В остальном София означала для нас разлуку, разрыв семейной ячейки, ведь с 1922-го по 1929 год турне увозили меня далеко от моих домочадцев.

Мы с Генри поочередно воспитывали Ника. Болтаясь между Парижем и Софией, проездом в Монте-Карло, Берлине, Лондоне, Гамбурге, Мюнхене, Копенгагене… наш сын стал понемногу проявлять симптомы тревожного психического расстройства. Однажды Генри застал его воткнувшим себе в ухо гусиное перо.

– Я пишу внутри, как меня зовут, – такой ответ получил ошеломленный отец.

Не нужно быть последователем Фрейда, чтобы почувствовать, какая боль слышна в этих словах. Стараясь написать свое имя внутри собственной головы, Ник требовал окончательной и несомненной идентичности. Да и как могло быть иначе у ребенка, рожденного при самых тяжелых обстоятельствах: в разгар войны, когда готовилась революция, а потом без крещения и документов оторванного от родной страны; воспитывавшегося парой, которая родила его незаконно и бежала, а потом годами внушала ему, что муж его матери (Василий Мухин) ему не отец, а настоящий отец (Генри Брюс) – тот, кто похитил его и увез; что зовут его не Никитой, а Николасом; что он не русский, а англичанин и уже никогда не вернется в свой родной город, который из Санкт-Петербурга превратился в Петроград в тот миг, когда родители его зачинали, а теперь и вовсе называется Ленинградом, и что родная страна теперь недоступна для него?

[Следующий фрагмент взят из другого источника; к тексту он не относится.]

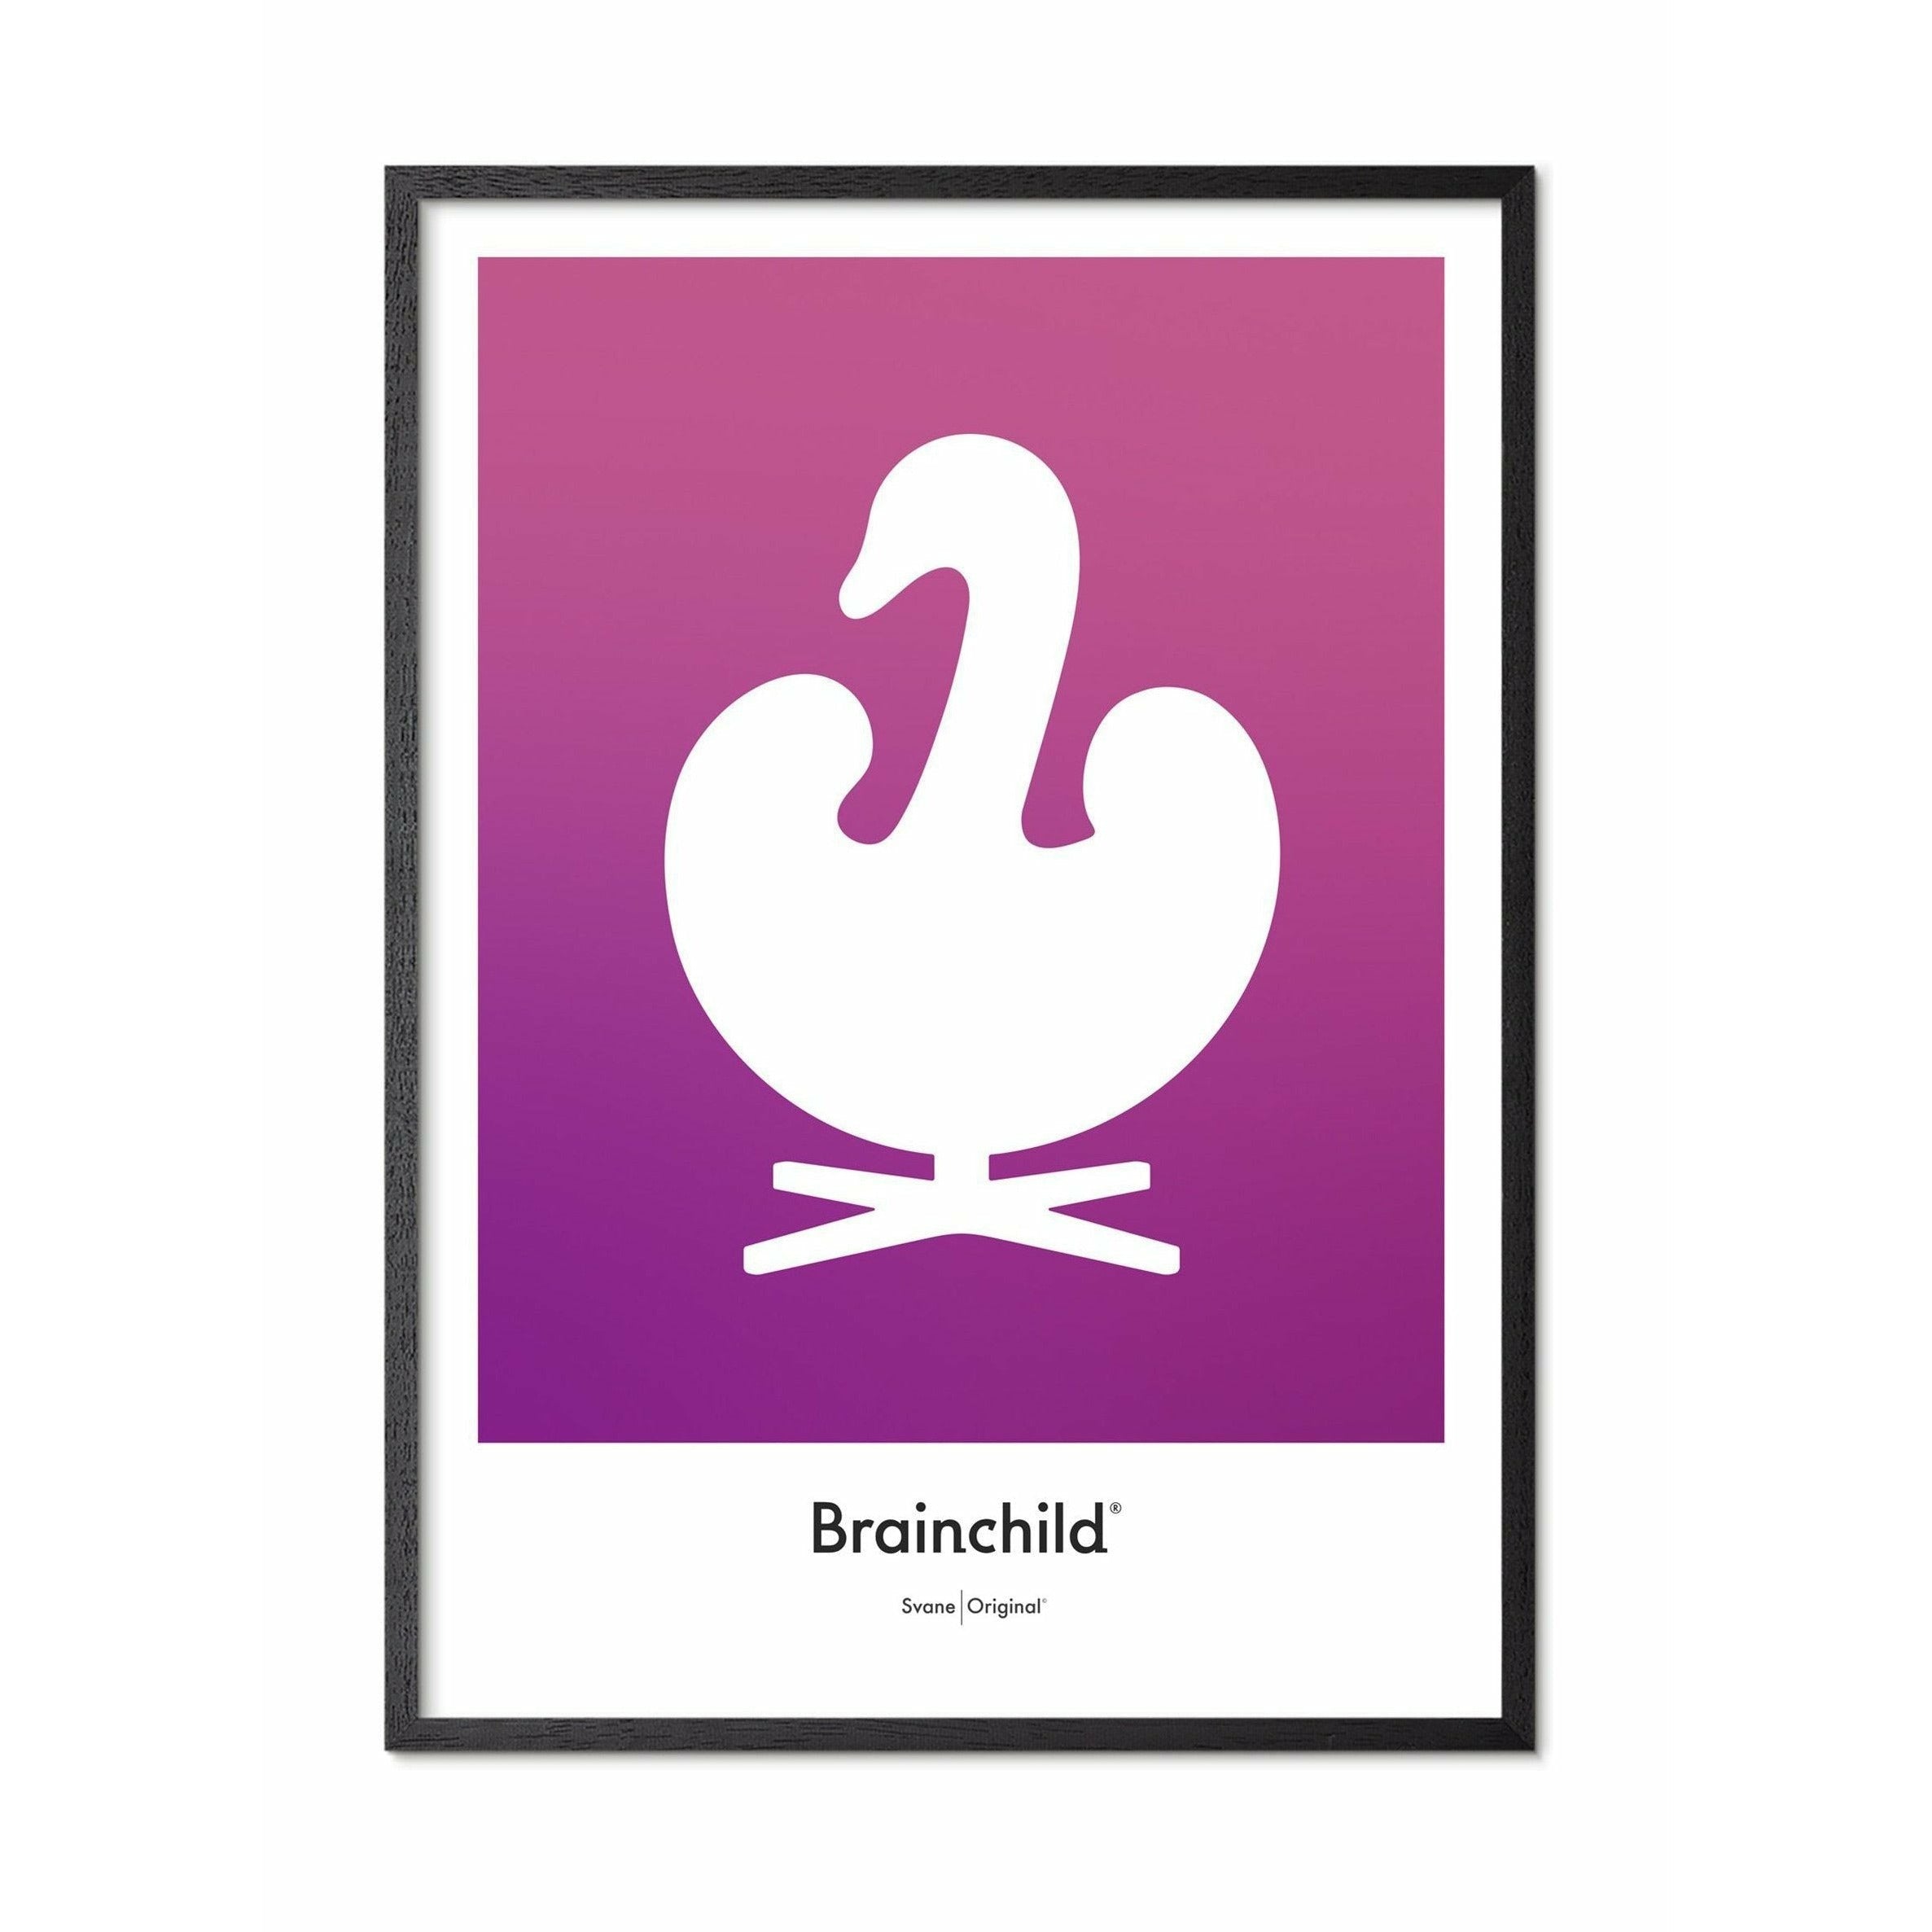 Brainchild Affiche de l'icône de conception de cygne, cadre en bois laqué noir A5, violet

Сейчас я рассуждаю в шутливом тоне, но сколько же раз в ответ на яростные вопросы сына я страдала и ломала голову над тем, какие объяснения должна ему дать – раз и навсегда прояснившие бы его сознание и утихомирившие сердце? С тринадцати и до четырнадцати лет его кризисы идентичности становились все драматичнее. Тогда он учился в Итоне и уже начинал пренебрегать занятиями. Он стал молчаливым, злился на товарищей. А в интернате отказывался принимать пищу и умываться. Дирекция встревожила нас и посоветовала показать Ника психологу.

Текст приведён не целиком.